Tzu-Ching Meng
Academia Sinica, Taiwan
Title: Structural analysis of PTPN3-p38y interactions by chemical cross-linking coupled with mass spectrometry
Biography
Biography: Tzu-Ching Meng
Abstract
Purpose: Protein tyrosine phosphatase N3 (PTPN3) and mitogen-activated protein kinase p38y coordinae to promote Ras-induced oncegenesis. Structural analysis of PTPN3-p38y complex is a challenging task by using traditional x-ray crystallography. Therefore, chemical cross-linking coupled with mass spectrometry (CX-MS) has been developed as an alternative method to solve this obstacle.
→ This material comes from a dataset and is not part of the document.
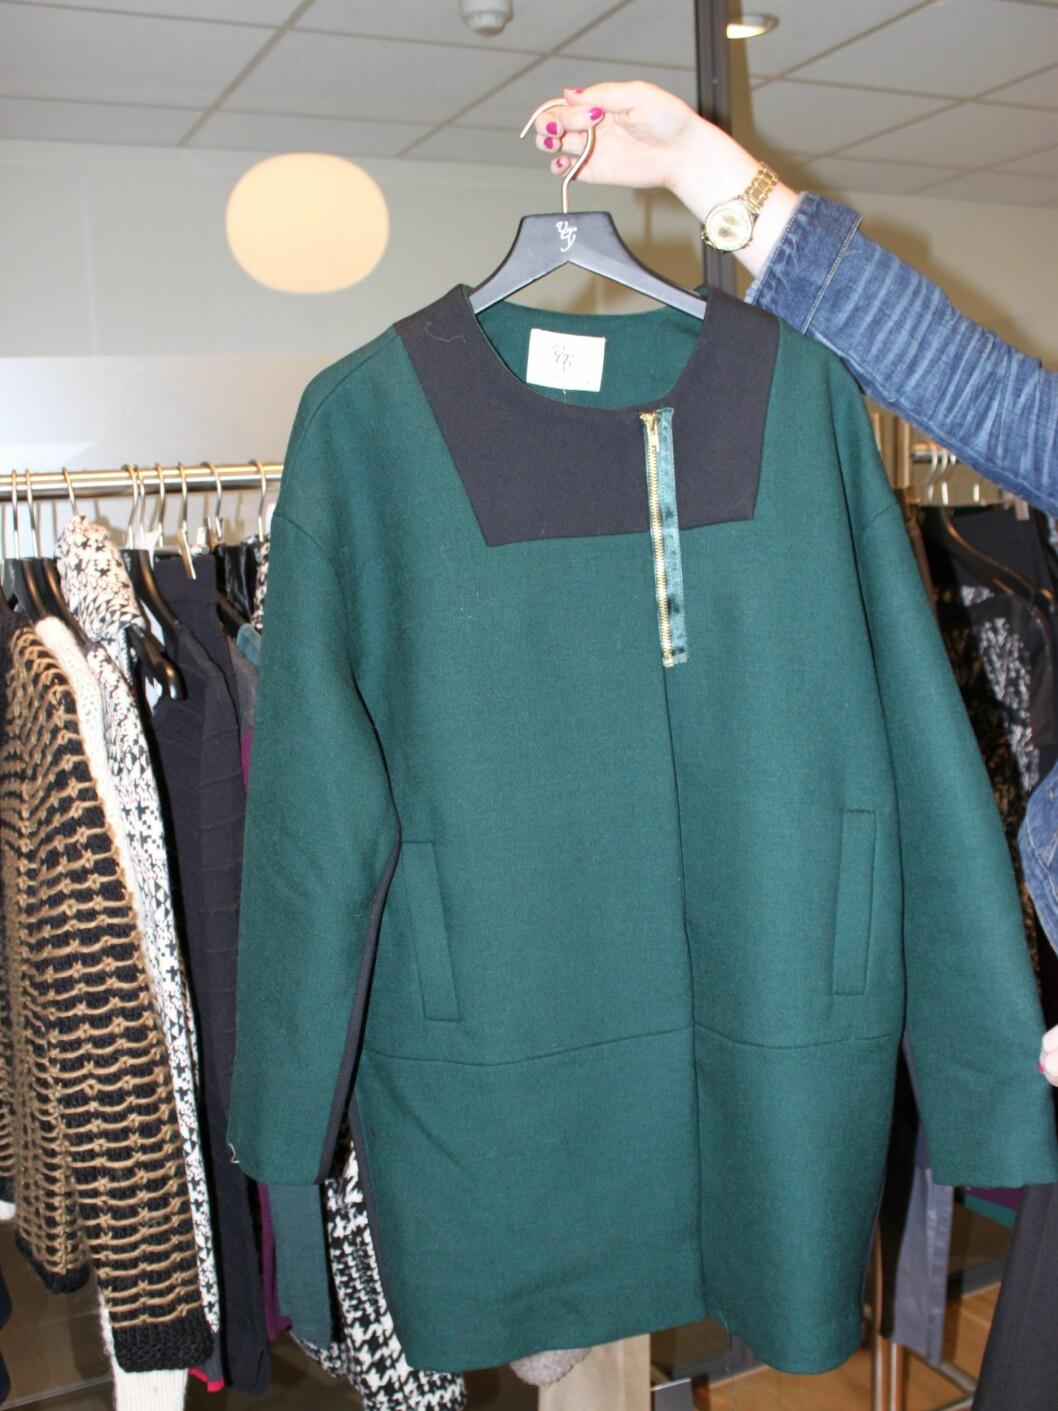 Flaskegrønt er en av høsten største farger, gjerne i kombinasjon med svart.  Foto: Tone Ruud Engen

Experimental description: Through covalent linkage of two spatially proximate residues within a single or between two polypeptide chains, the CX-MS approach provides structural insights into the flexible regions of proteins under any circumstances amenable to analysis. Conventionally, mapping of the protein-protein interaction sites relies on the coupling of lysine residues on the surface. Together with the distance restraint of the selected cross-linker, the segments of interaction surface can be determined. Results: Employing this method, we have mapped the contact interfaces of the PTPN3-p38y complex. Our finding of the solution structure indicated that the catalytic domain of PTPN3 interacts with the activation loop of phosphorylated p38y, illustrating how PTPN3-mediated dephosphorylation of p38y takes place. The CX-MS approach further demonstrated that the PDZ domain of PTPN3 recruits the PDZ-binding motif of p38y, thus stabilizing the active-state complex of PTPN3-p38y. Moreover, the CX-MS analysis defined the autoinhibitory characteristic of the PDZ domain in PTPN3 in the absence of p38y. Conclusions: By combining other approaches such as small-angle x-ray scattering (SAXA) and crystal structure of PTPN3-phospho-p38y peptide, the CX-MS method generates considerable insights into the architecture of the phosphatase-kinase complex assembly.